I swore at it and shook my wrist out, but I was not going to give
up. In one final act of desperation I gripped the drawer handle
with both hands, planting one foot firmly against the lower
drawers, and pulled as hard as I could. Suddenly, I felt something
release and the drawer came flying out of the cabinet. A variety of
objects flew past me as I spun around and lost my balance, landing
in a heap on the ugly linoleum. Sitting on the floor, I rotated my
shoulders and neck to make sure I hadn’t hurt myself and then
started to laugh self-consciously, grateful no one had seen me fly
across the room.

I looked at what was strewn about the floor
and saw a hammer, nails, screwdrivers, a wrench, other assorted
tools, pencils, a flashlight with batteries that leaked out, a
wooden folding tape measure, and one fork but no spoon. I crawled
about picking up the objects, tossing them into the drawer, then
inserted it back into its opening. It puzzled me, because the
drawer wasn’t that full, and I wondered what had blocked it from
opening. Maybe the hammer got wedged in crookedly somehow. Talk
about a junk drawer. Not knowing what I might find next, I sat back
on my heels and slowly pulled on the next drawer down and started
to laugh softly again. Well, who doesn’t need underwear and socks
in the kitchen? There had to be more to that story. My mother
hadn’t mentioned any dementia in my grandfather’s health, but maybe
she hadn’t seen it in her limited dealings with him.
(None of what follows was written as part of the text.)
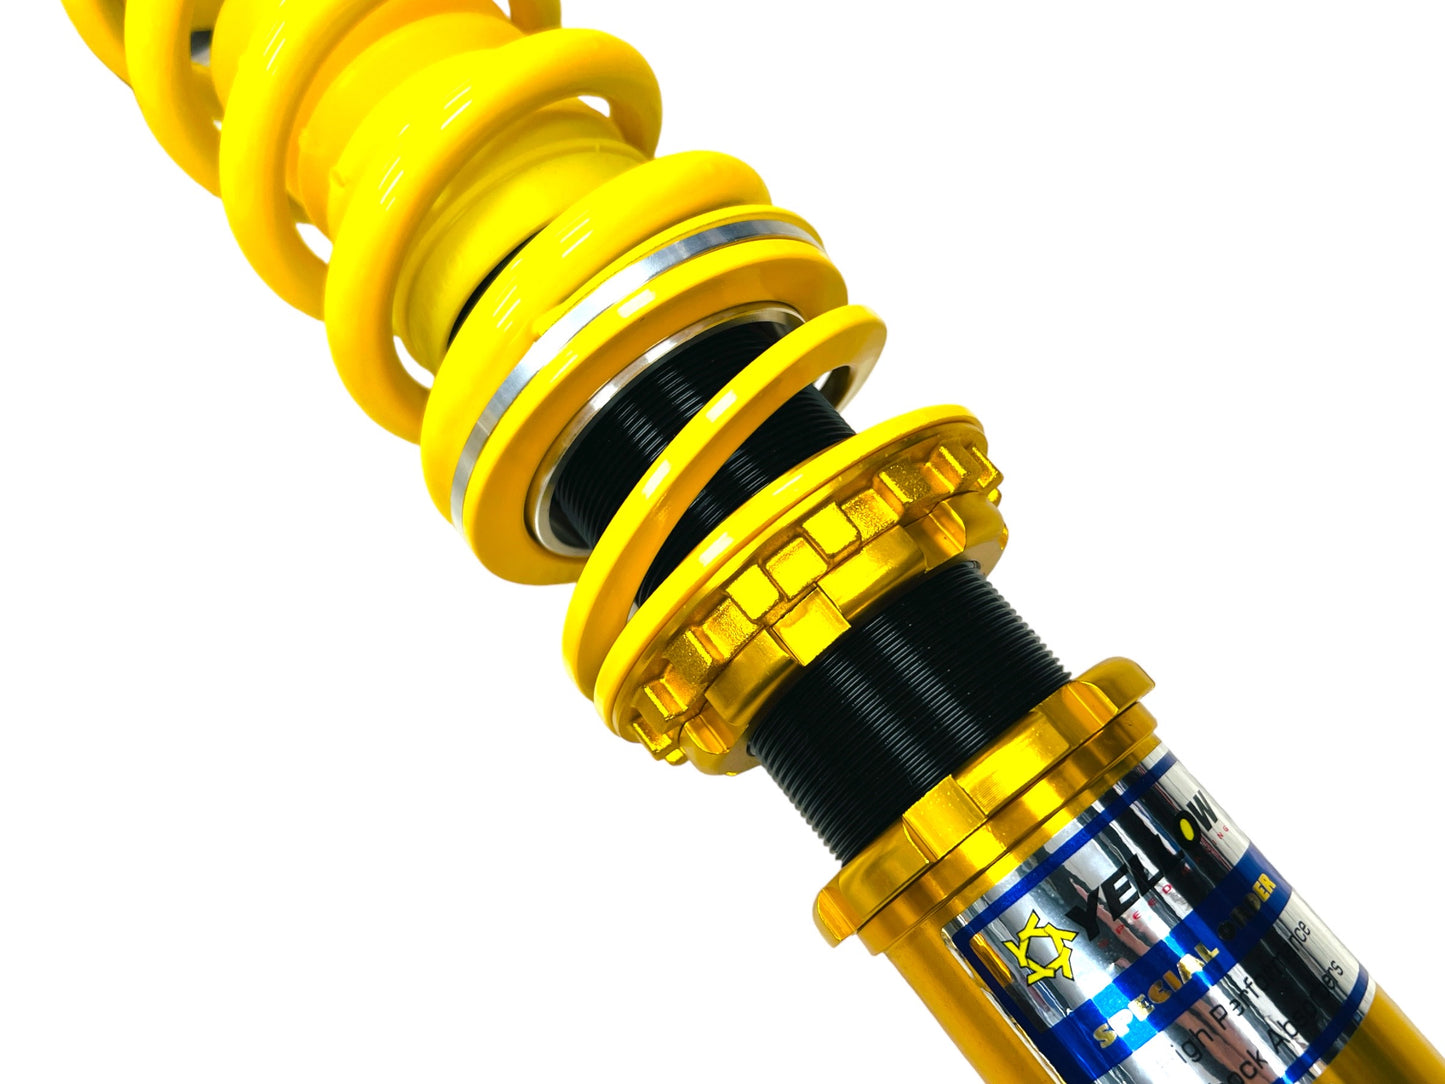 Dynamic Pro Gravel Rally Coilovers - Toyota MR2 1990-1999 (W20/SW20)

I rose to my feet and moved across the room,
trying other drawers. Finally, in the drawer next to the
refrigerator I found some silverware. “It’s always in the last
place you look,” I muttered as I proceeded to pop my plastic,
single-brew pod into my new coffee maker to brew a hot cup of
life-giving elixir, and in two minutes I was sipping my hot
beverage, feeling like I could take on the world.